### Exercise aim
Extract the opening line of the entries and every line after it, stopping at and including the line that contains "Le cloître de". Do not include pictures.

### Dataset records
* * * * *

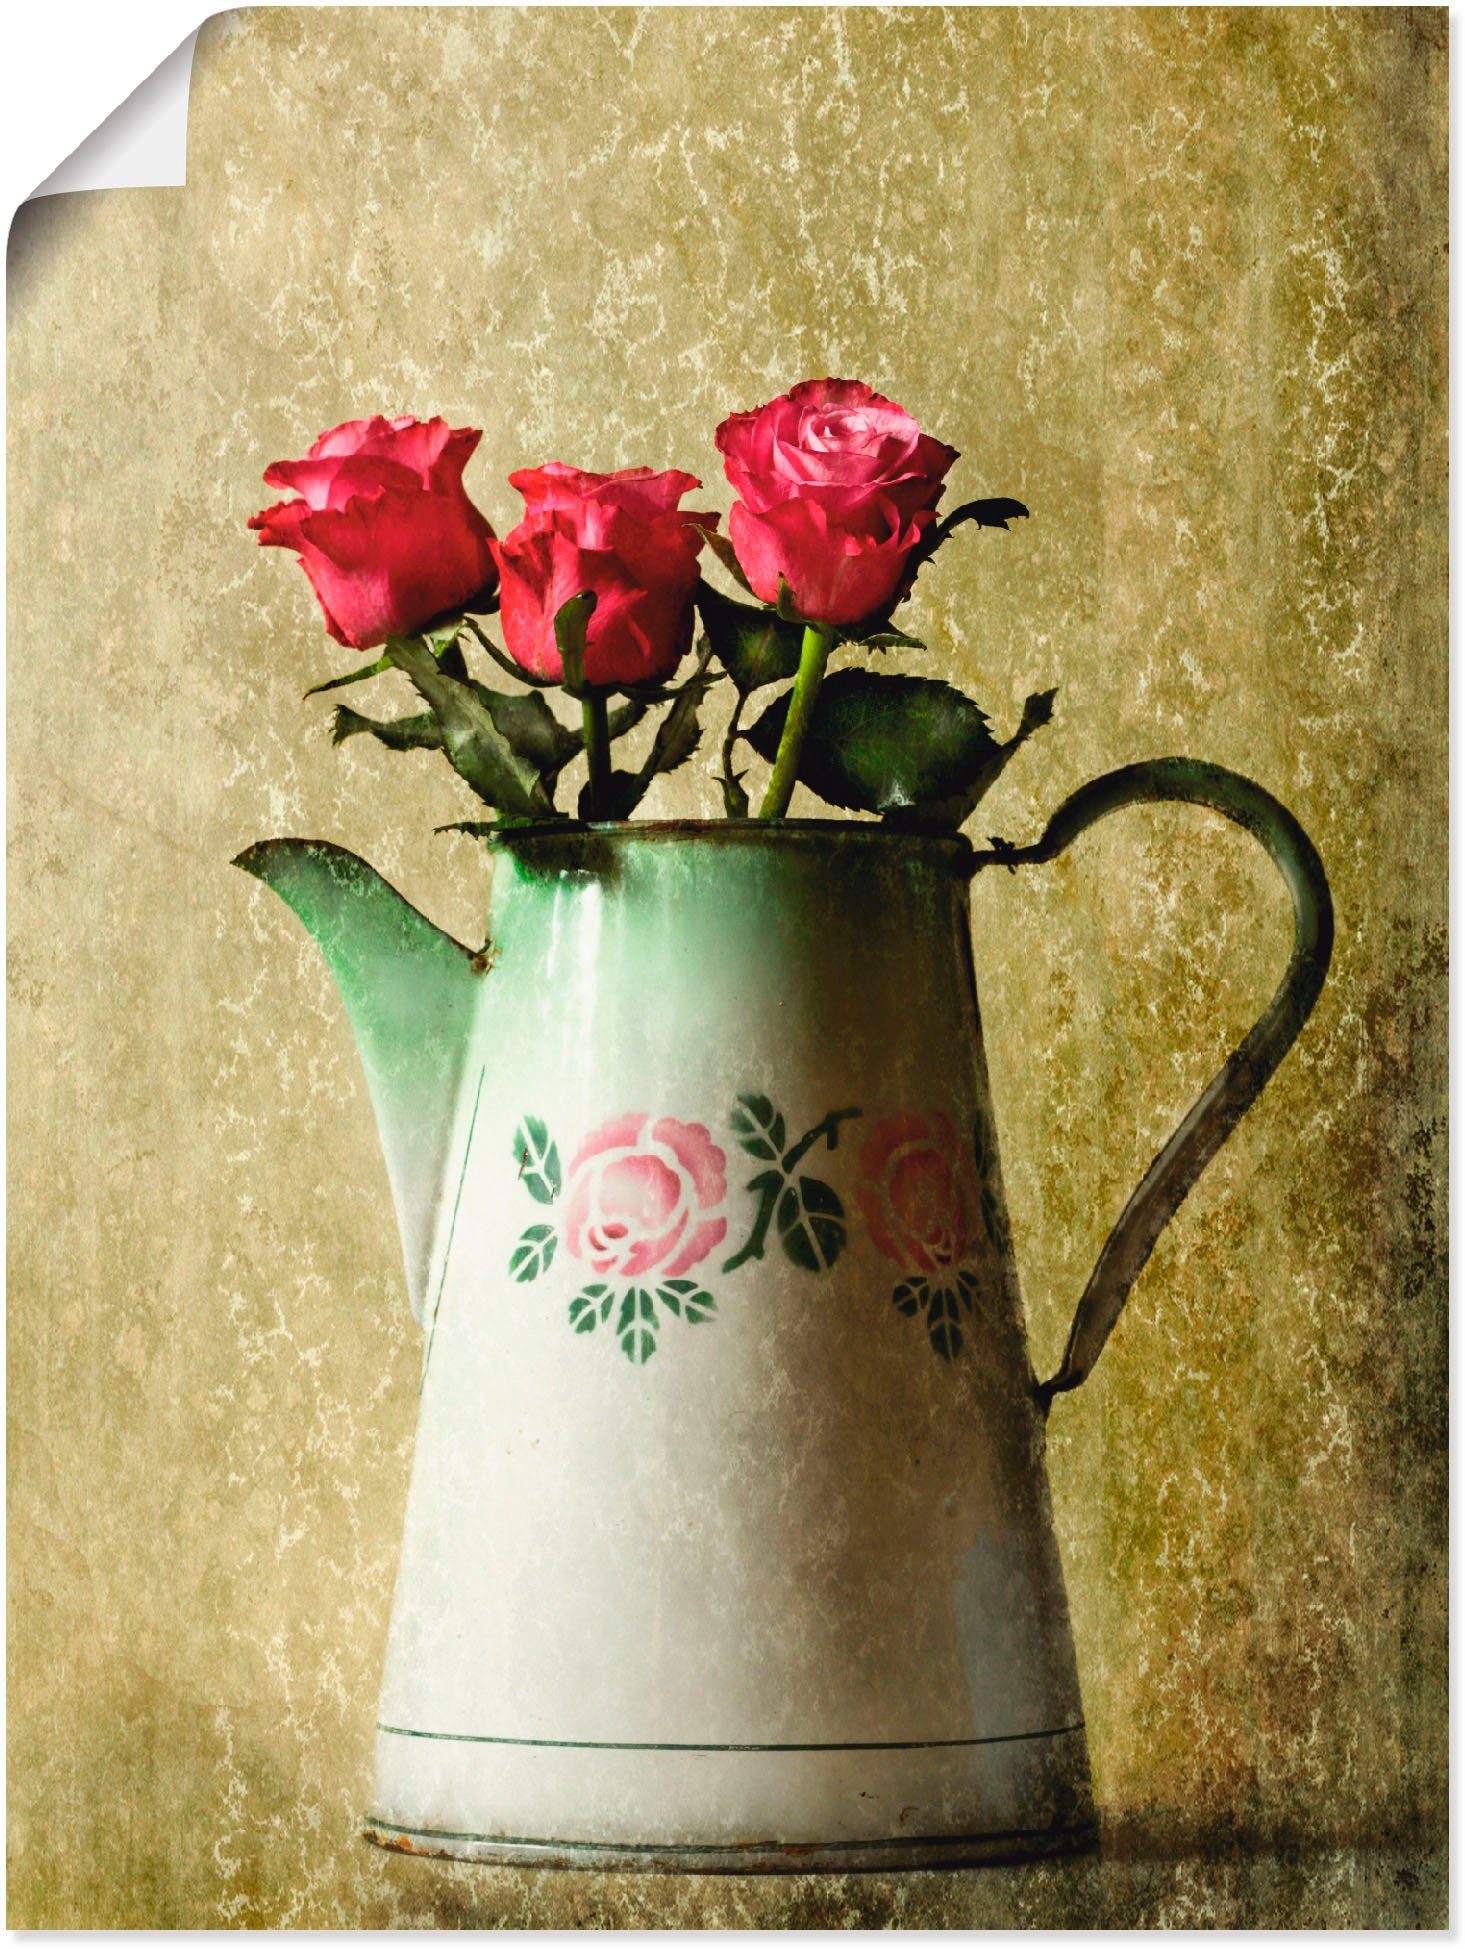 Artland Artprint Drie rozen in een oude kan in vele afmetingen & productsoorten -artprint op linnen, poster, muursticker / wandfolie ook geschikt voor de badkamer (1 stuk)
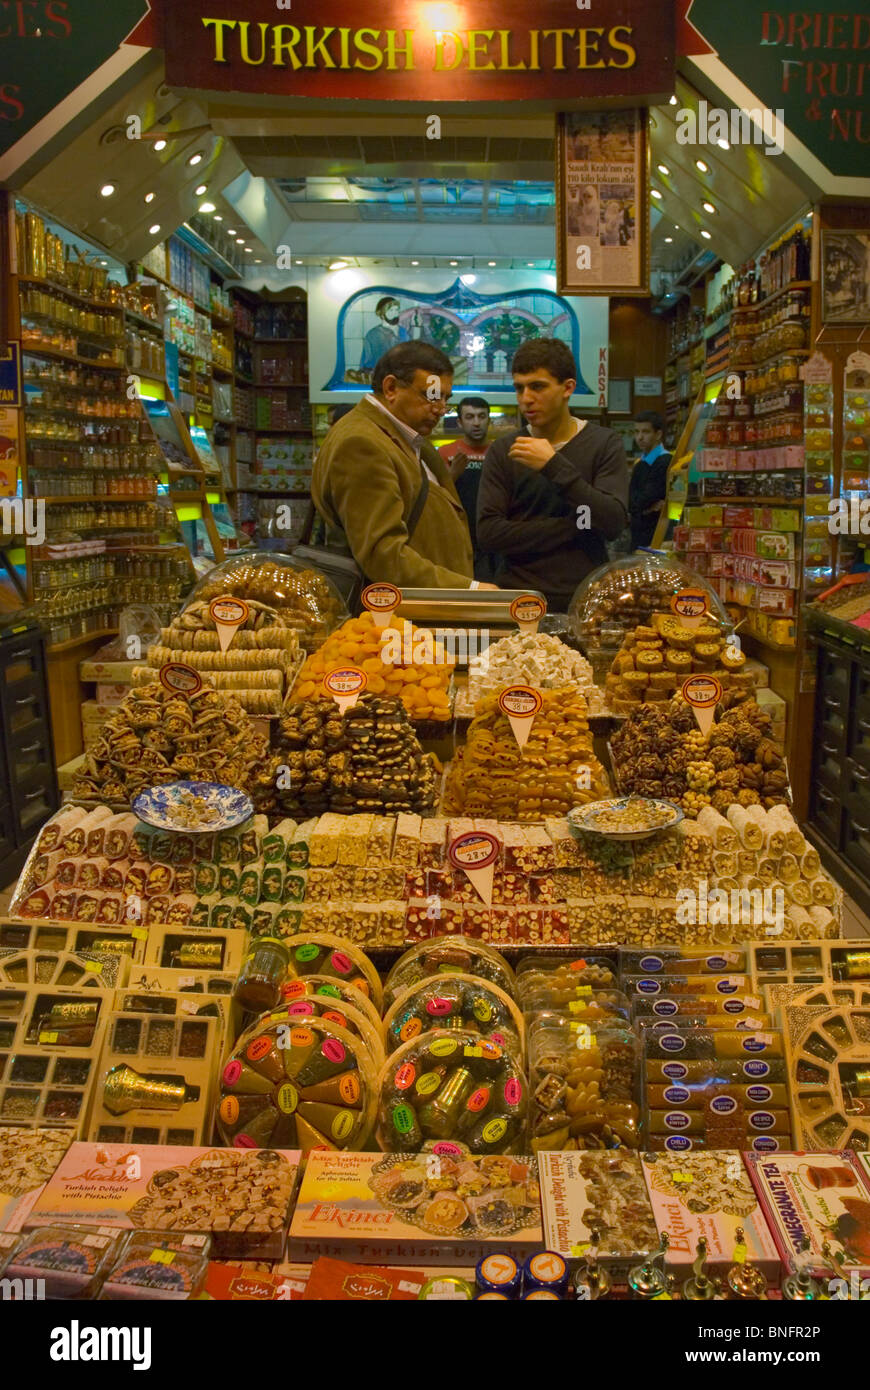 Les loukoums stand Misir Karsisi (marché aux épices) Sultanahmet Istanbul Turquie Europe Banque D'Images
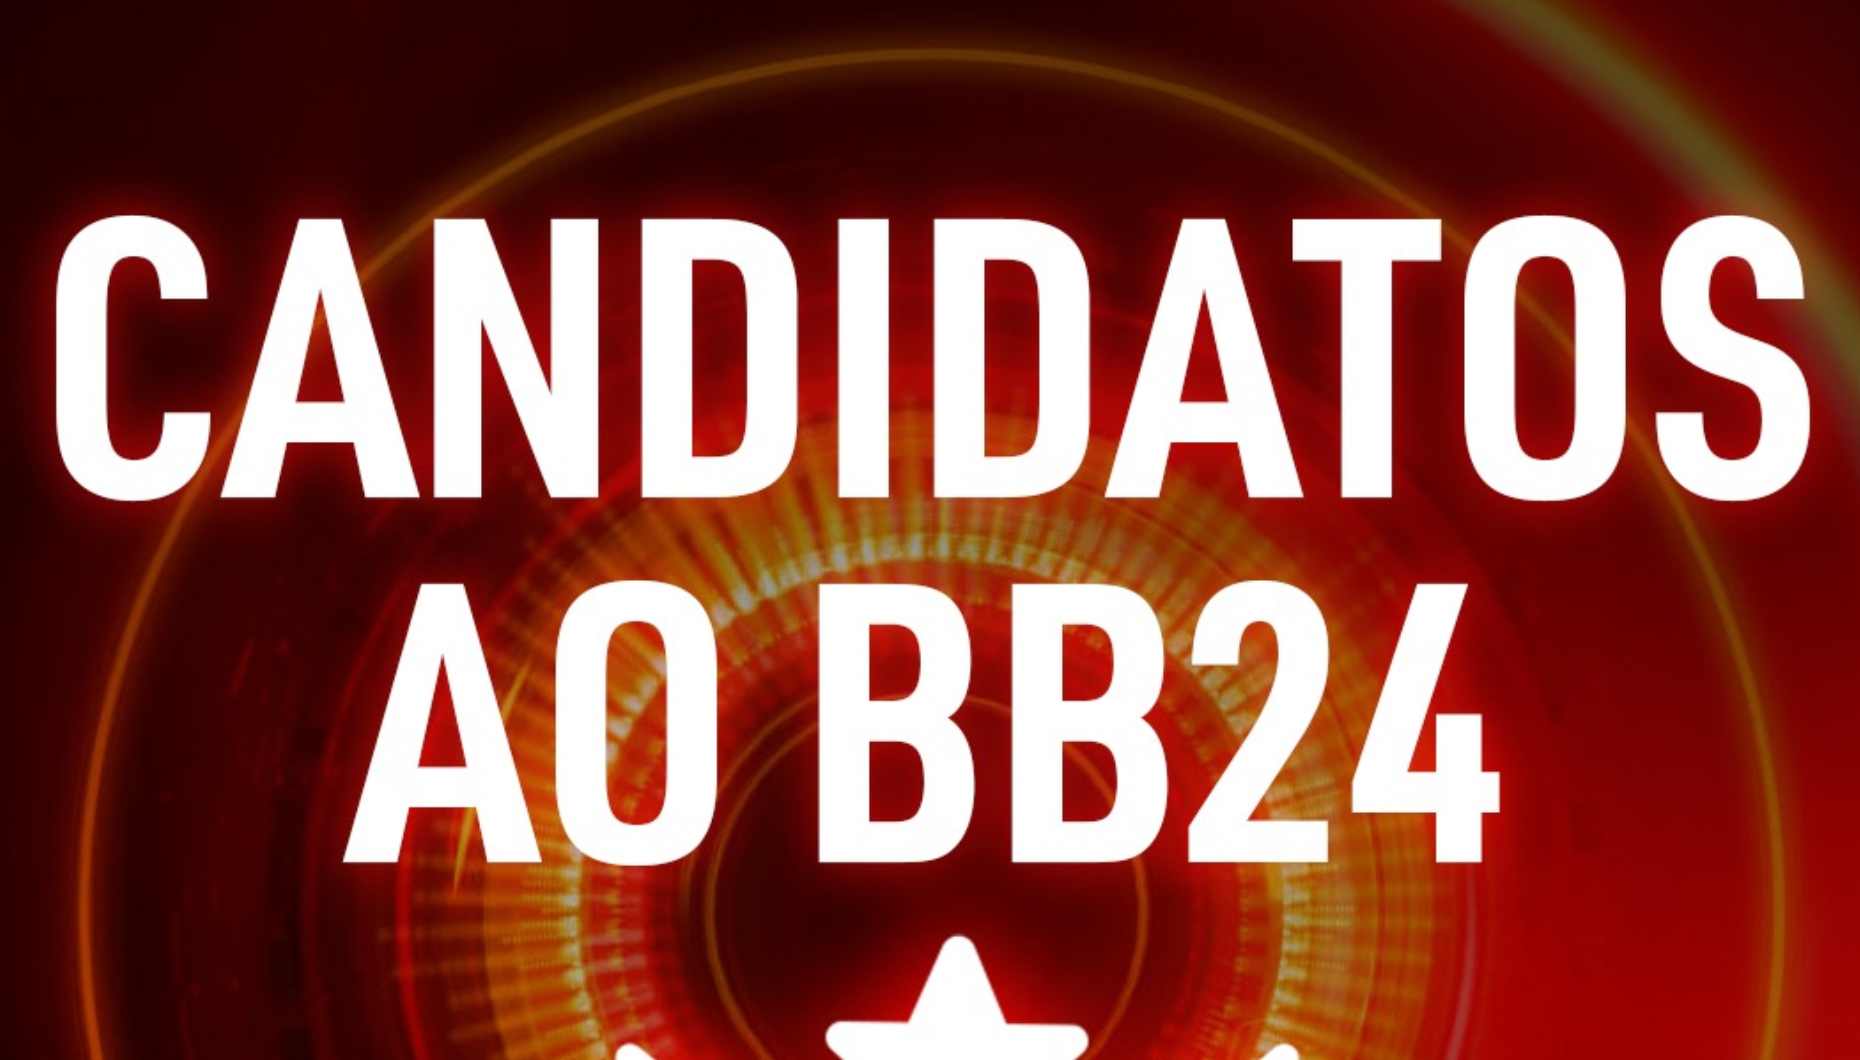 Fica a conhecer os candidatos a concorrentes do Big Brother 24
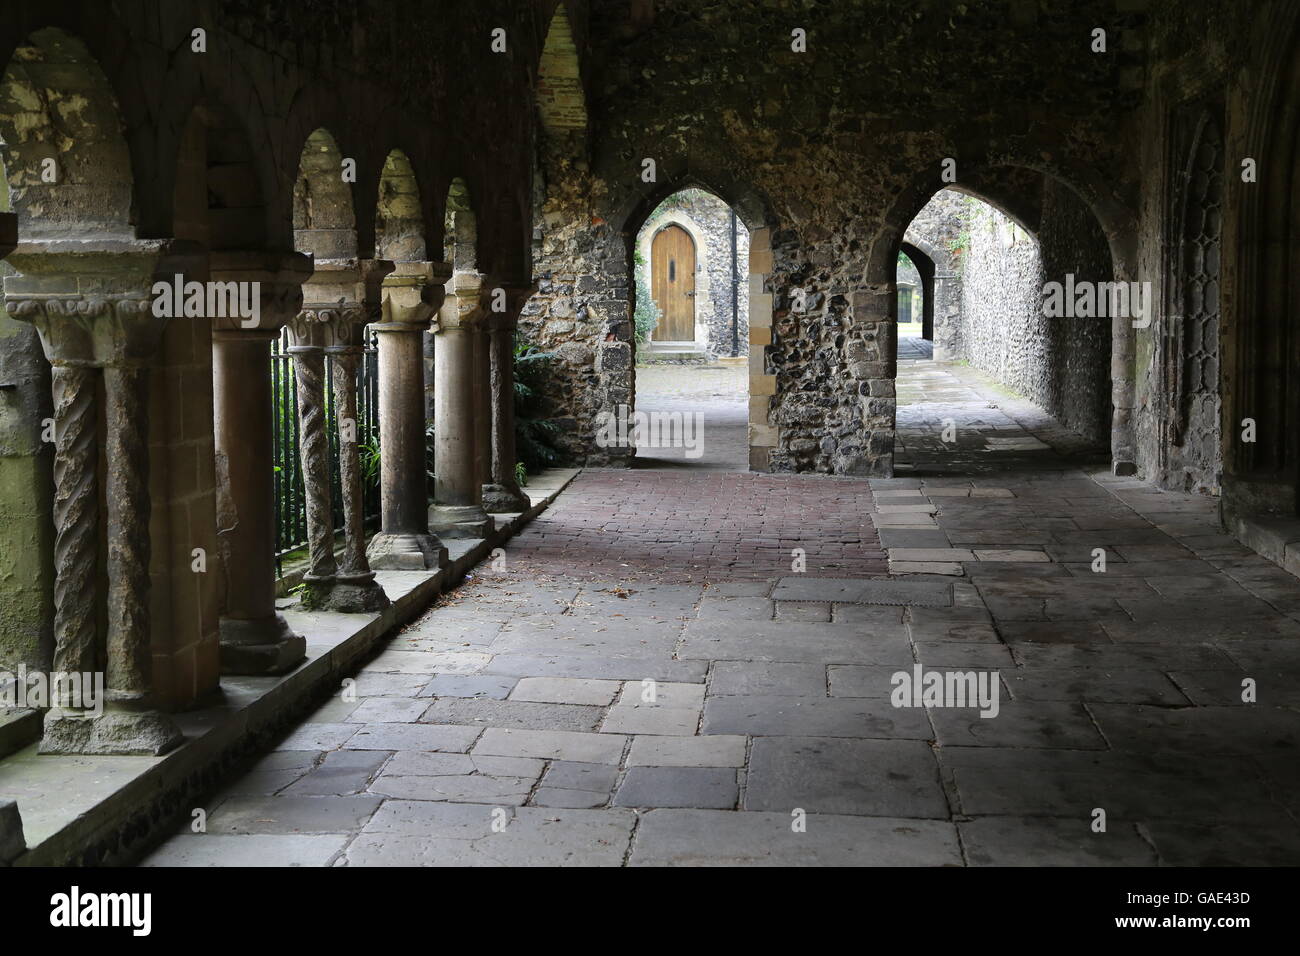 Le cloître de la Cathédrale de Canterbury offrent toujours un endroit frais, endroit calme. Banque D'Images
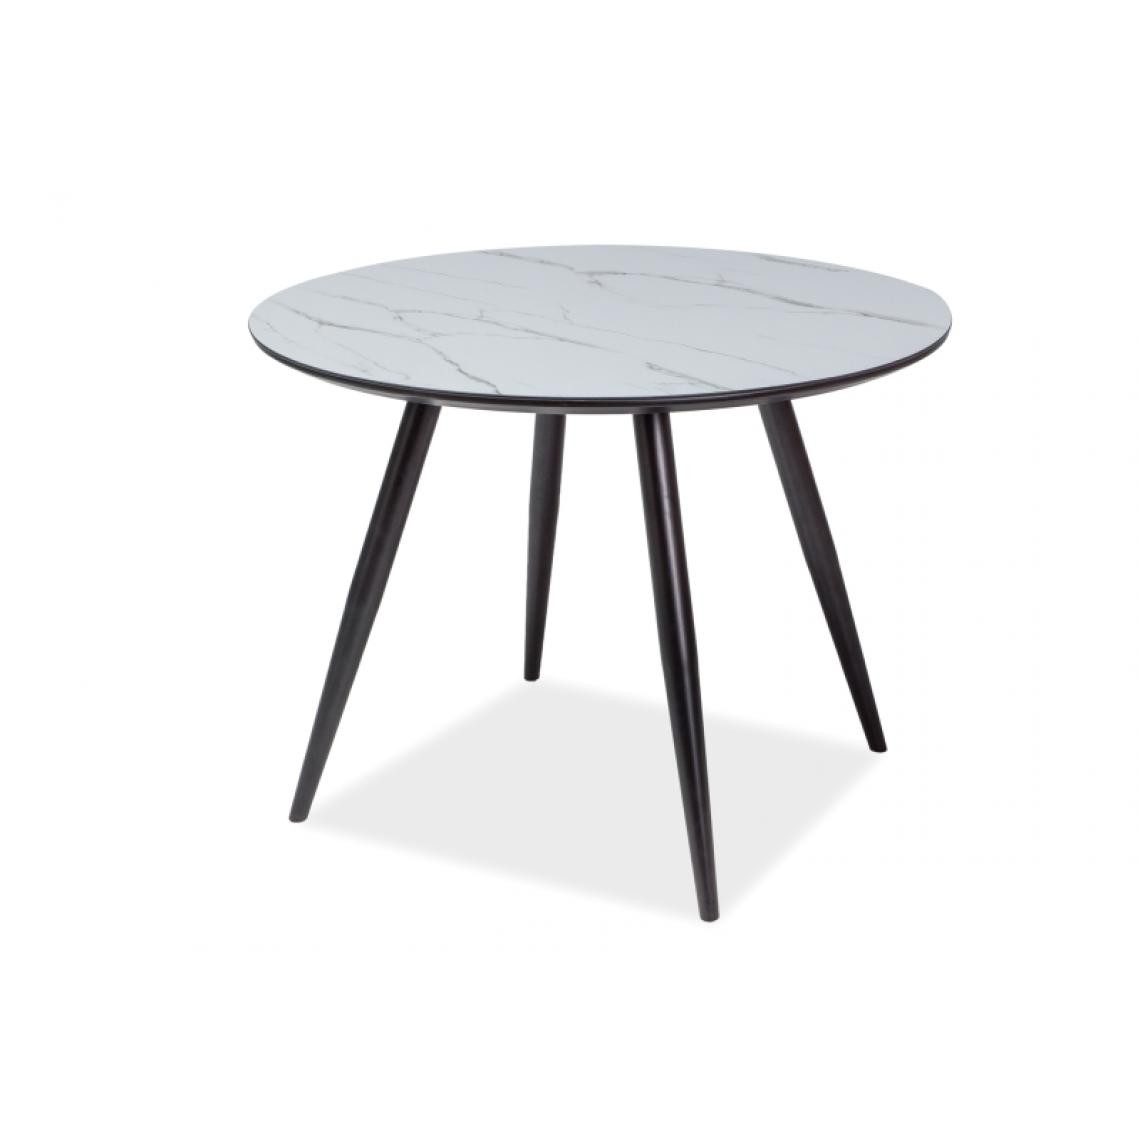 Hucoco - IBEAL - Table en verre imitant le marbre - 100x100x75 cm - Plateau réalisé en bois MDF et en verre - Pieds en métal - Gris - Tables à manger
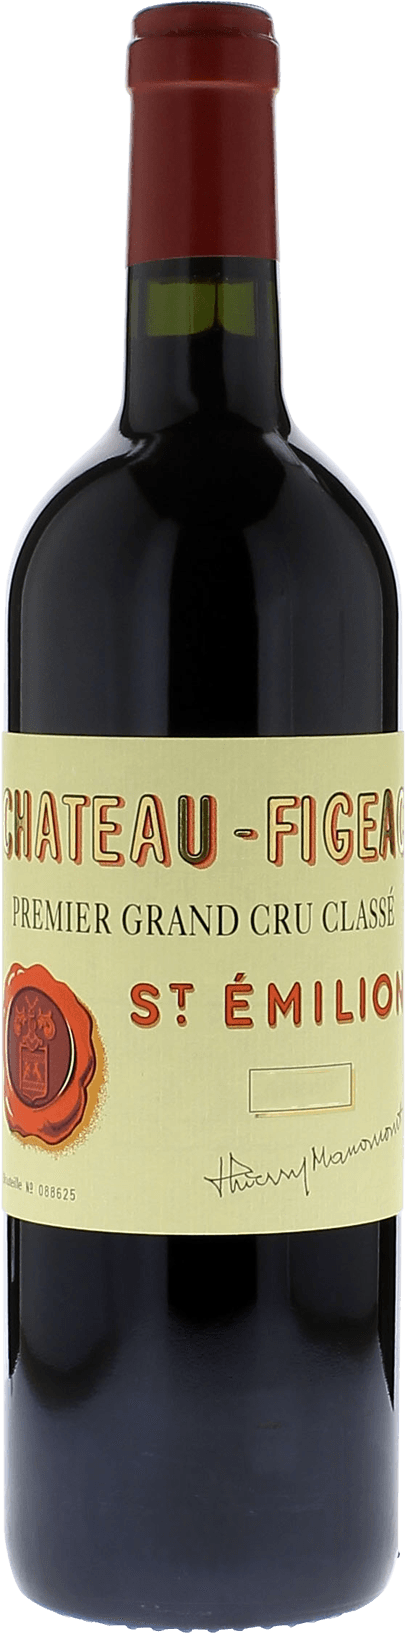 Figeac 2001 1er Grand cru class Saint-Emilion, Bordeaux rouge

* * * * *

### Task solution
 Artland Artprint Drie rozen in een oude kan in vele afmetingen & productsoorten -artprint op linnen, poster, muursticker / wandfolie ook geschikt voor de badkamer (1 stuk)
 Les loukoums stand Misir Karsisi (marché aux épices) Sultanahmet Istanbul Turquie Europe Banque D'Images
 Fica a conhecer os candidatos a concorrentes do Big Brother 24
 Le cloître de la Cathédrale de Canterbury offrent toujours un endroit frais, endroit calme. Banque D'Images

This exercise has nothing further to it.